Das Tool der Beauty-Retusche schlechthin ist nach wie vor Adobe Photoshop. Nach der ersten Entwicklung im RAW-Konverter (z. B. Lightroom, Capture One oder direkt in Photoshop Camera Raw) hat man hier die Möglichkeit, mittels Ebenen und Masken die verschiedenen Bereiche im Bild getrennt voneinander zu bearbeiten – und zwar nicht-destruktiv, so dass man nachträglich etwaige Bearbeitungsschritte rückgängig machen oder weitere Änderungen vornehmen kann.

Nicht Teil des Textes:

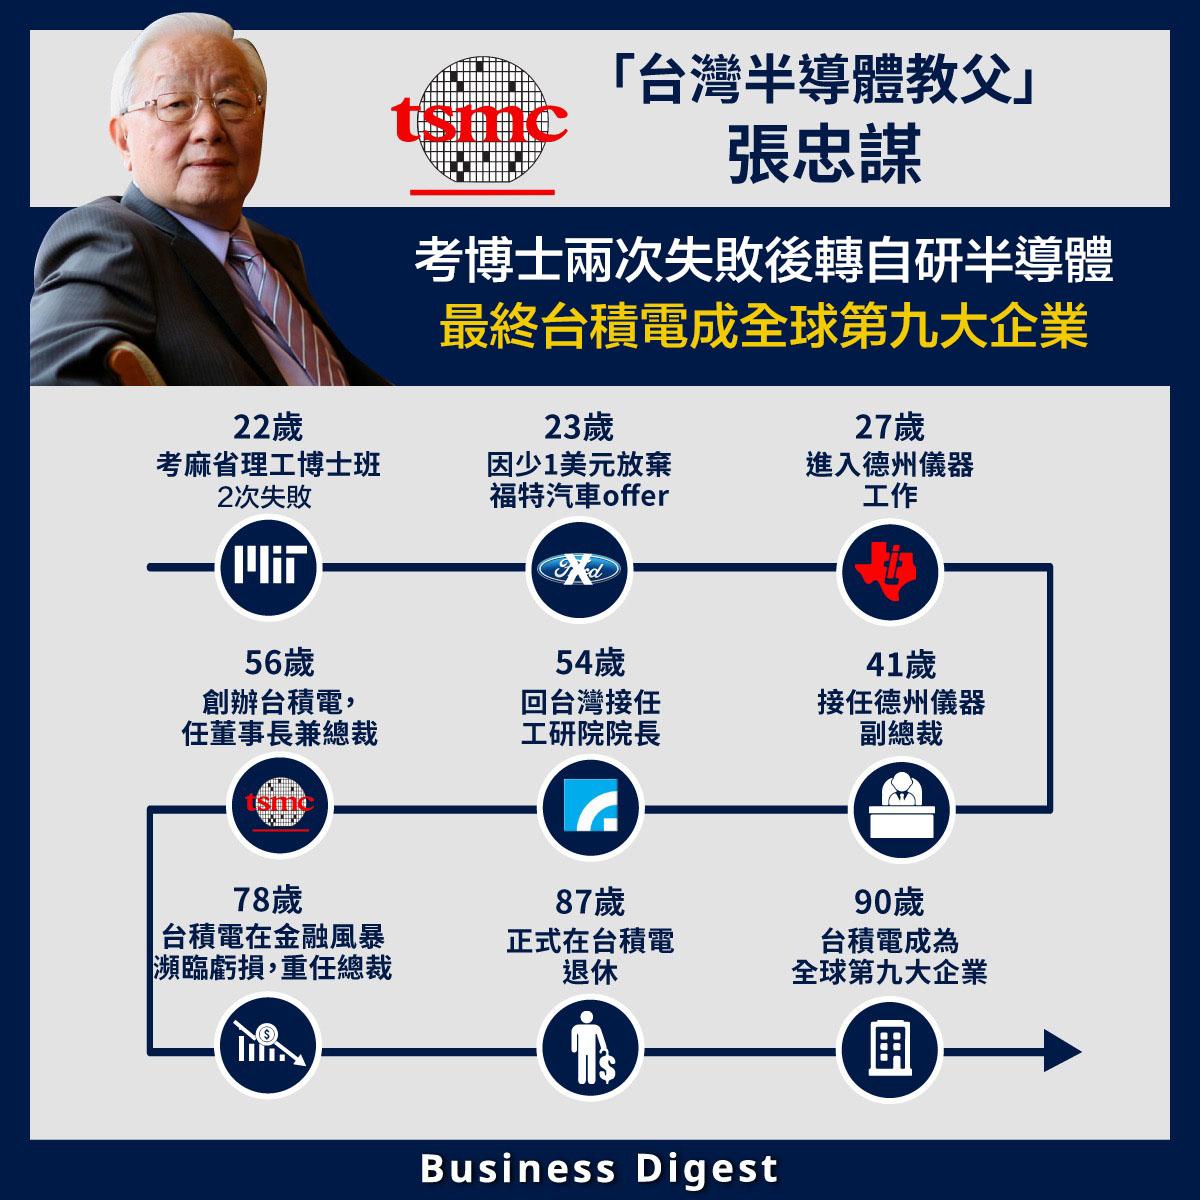 「台灣半導體教父」張忠謀:考博士兩次失敗後轉自研半導體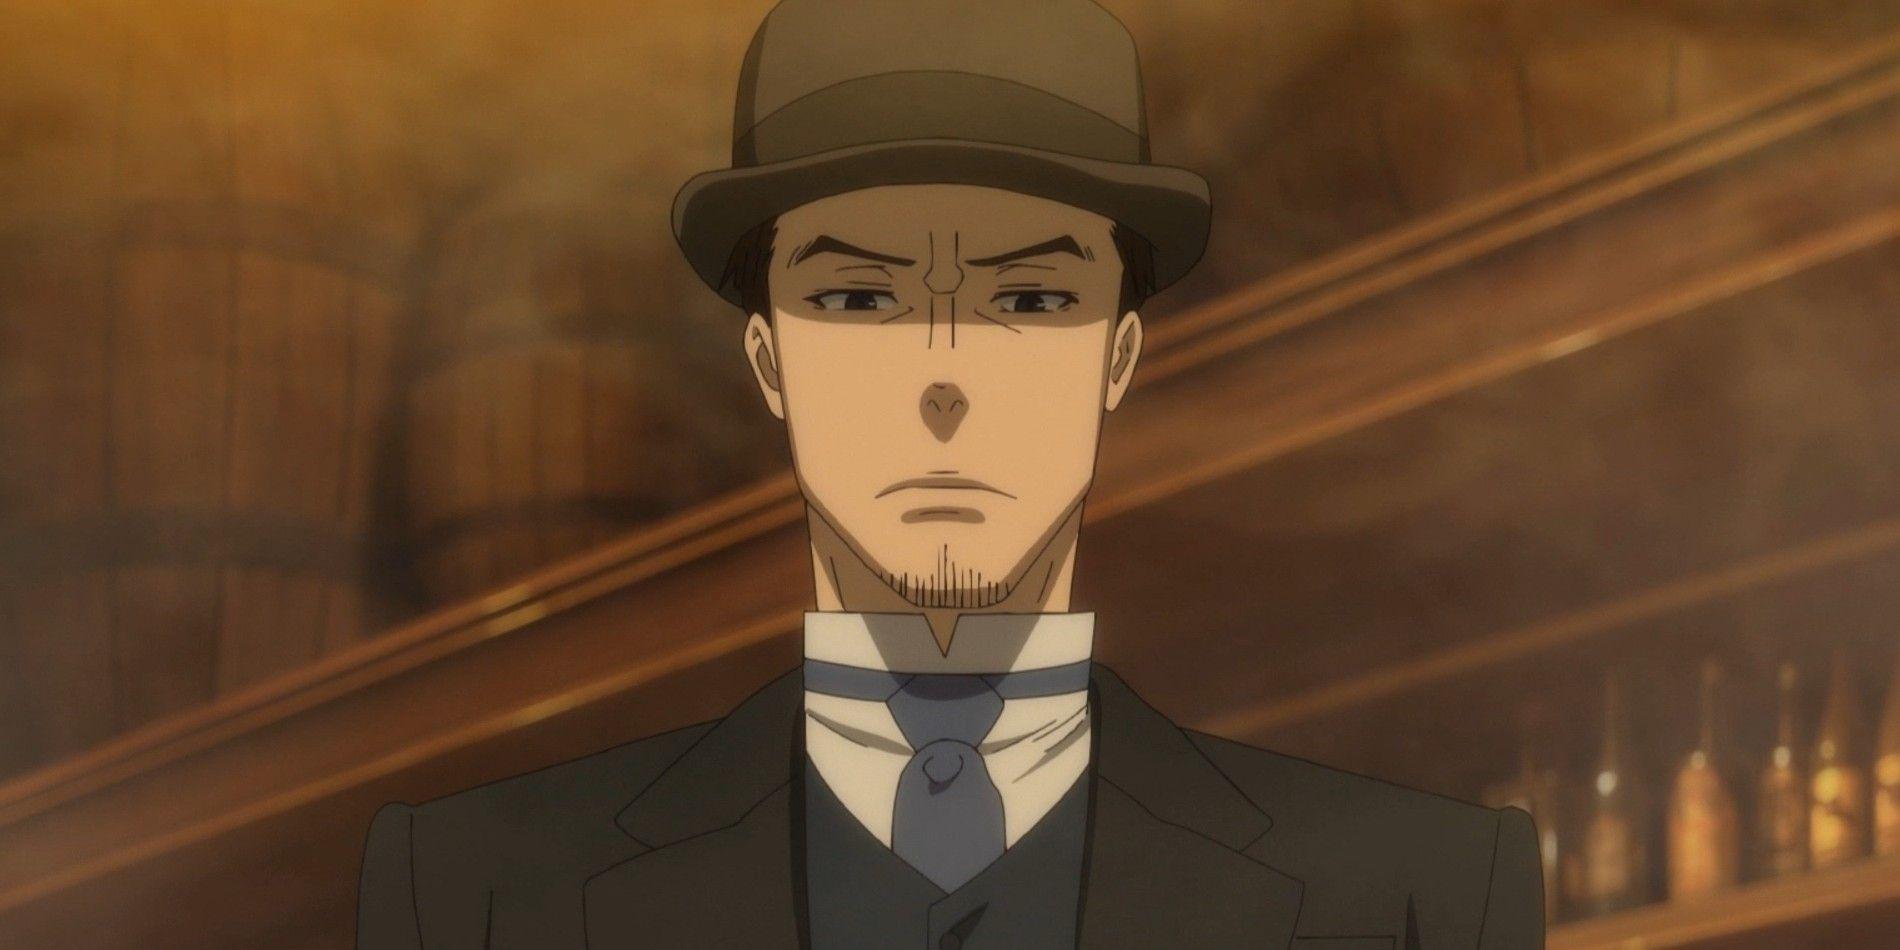 Moriarty the Patriot: todos os personagens clássicos de Sherlock Holmes na 1ª temporada, parte 1 5

Das Schöne an Photoshop ist, dass man beinahe unbegrenzte Möglichkeiten hat, ein Foto zu optimieren. Photoshop ist – wie man so schön sagt – sehr mächtig. Das Problem bei mächtigen Tools ist aber, dass man auch das Wissen und die Erfahrung benötigt, um sie angemessen zu meistern. Ansonsten kann man bestimmte Funktionen entweder nicht nutzen oder die Ergebnisse werden den Erwartungen am Ende nicht gerecht. Wie das aussehen kann, zeigt eine Google-Suche nach dem Begriff ›Photoshop-Fails‹.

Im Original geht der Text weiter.